Show Profile  Greg T Posted: 20 December 2008, 12:02 AM  
This has more of a rogaine twist to it but I guess that's still a map sport.

When I've set my last two after-work rogaines In welly I have used cryptic clues. So that people don't take them too seriously I've tried to encourage the fancy dress theme, kinda like Twalk.

My logic behind using cryptic clues is that the awesome track system in Wellington is just a bit too easy for people to navigate along so the challenge is that they have to be in exactly the right spot to find the clue. Can't just see a ribbon from 50m away.

However I think I am defeating the purpose of these afterwork rogaines - to entice newbies into the sport. The tracks are a perfect place for them to learn and from the comments at the next rogaine in the series I believe they have outlived their worth. They were quite fun to do though.
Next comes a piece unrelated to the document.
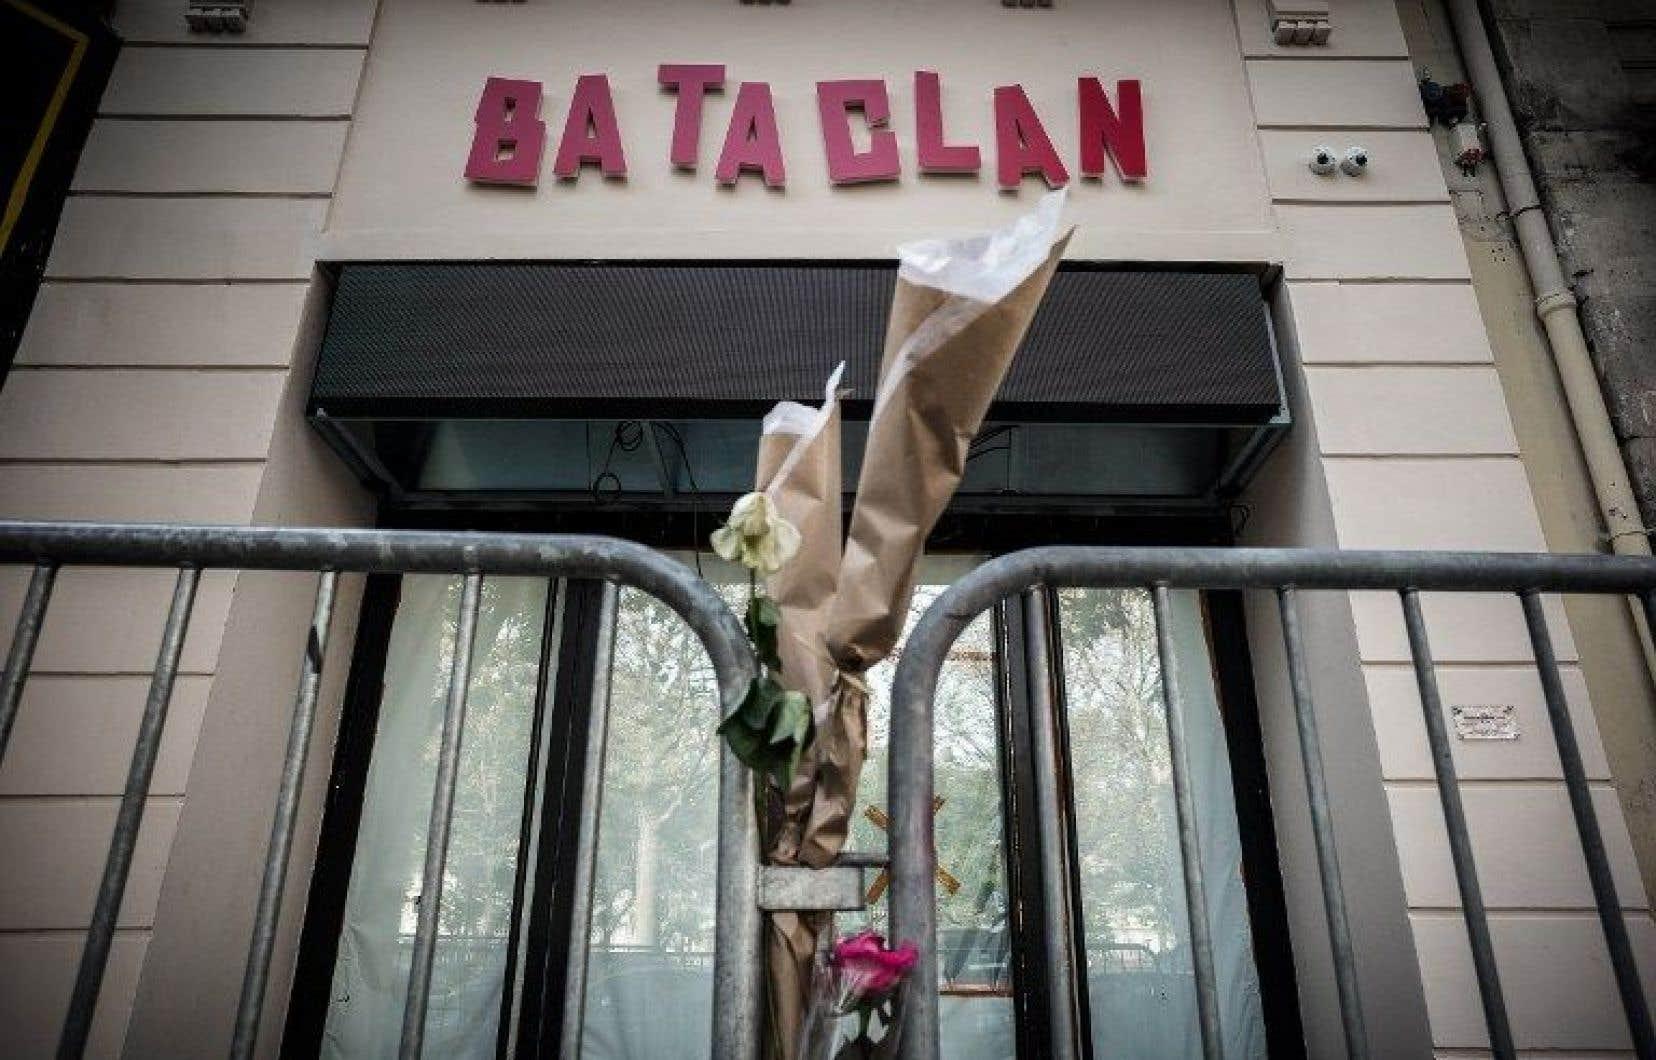 Le Bataclan, emblématique d'une jeunesse festive, a été longtemps après l'attentat un lieu de recueillement pour des foules d'anonymes.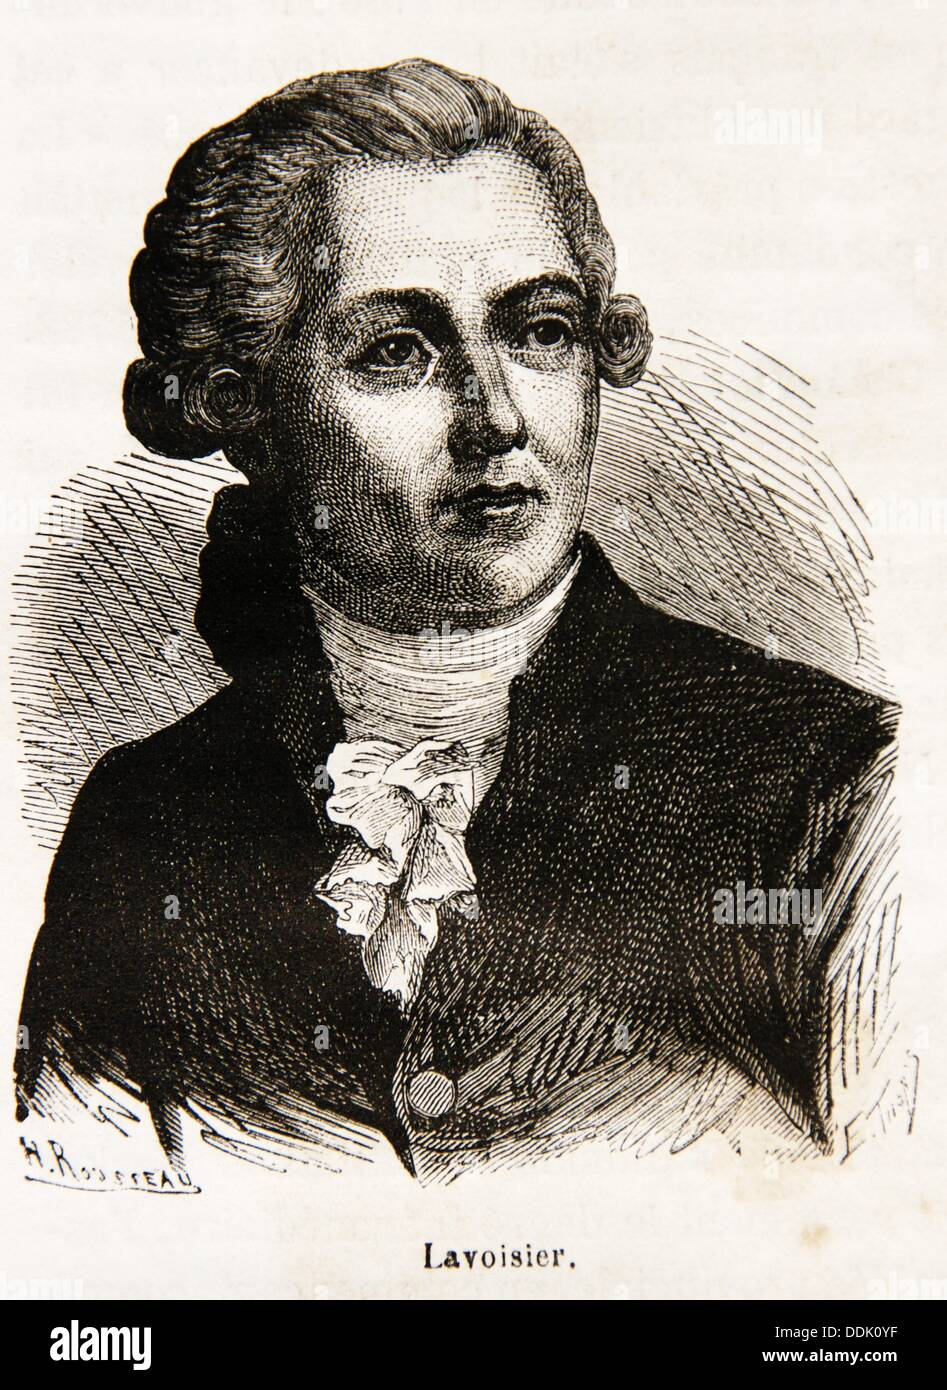 antoine laurent lavoisier Antoine laurent de lavoisier (1743,1794) chimiste français, né à paris, le 26  août 1743 et, mort à paris, le 8 mai 1794 fils d'un procureur au parlement.

There are a few disadvantages i.e. takes the organiser ages to set them up (they have to spend a lot more time out in the field, can't really just use google earth and have one trip, in reality it takes a couple); the organiser (me) seems to think on a different wavelength to the entrants.I was rather leniant on scoring as if I had been expecting exact answers then the scores would have been maybe 50% of those posted.
Having said that I did really enjoy the Boohai and it appears that the Xmas rogaine in Chch was really well received. Comments are appreciately before I decide whether or not to use them for the third installment of the Roadrunner rogaine series..Stay tuned...(excuse the puns in this post)

Show Profile  Michael Posted: 20 December 2008, 4:16 AM  
So Greg T has revealed himself as one of the biggest contributors to rogaines around Wellington - and prepared to try other branches of the sport right down to O-Max sprints in parks. In addition to his afterwork rogaines this year, I recall him offering to check a day rogaine that he wasn't going to be able to enter. He did ALL the controls by himself in a day - and I think it was raining.

Show Profile  Tane Cambridge Posted: 20 December 2008, 6:10 AM  
No, they are not. I think they are a waste of time...but I'm not the worlds greatest fan of score events either so that may be part of the reason why I dont like them.

Show Profile  Jamie Posted: 21 December 2008, 3:09 PM  
I think they are great, they test real navigation competency far more than your average rogaine. I don't know what you mean by "exact answers" because surely under the basic twalk/epic/taylors mistake/boohai system all answers are exact if people find them.

It is very much an art getting them at the right level though and you definitely have to think about who is racing.

Show Profile  Old Timer Posted: 22 December 2008, 2:43 AM  
I like cryptic controls Greg. I was immensely frustrated by them at the Boohai, but that was all part of the fun. Who would have thought a Cabbage Tree was a Lily? Long may they continue to test us.

Show Profile  Greg T Posted: 22 December 2008, 2:57 AM  
because the rogaine was urban I was using things like "cow" letter boxes and old tyres so there wasn't a control flag at every site. So because people weren't finding flags there were no exact answers. I actually did read the answers submitted and they were actually quite amusing at times. There seemed to be a lot of frustration out there though because w.t.f turned up a lot and though fortunately there weren't too many questioning which planet I was from...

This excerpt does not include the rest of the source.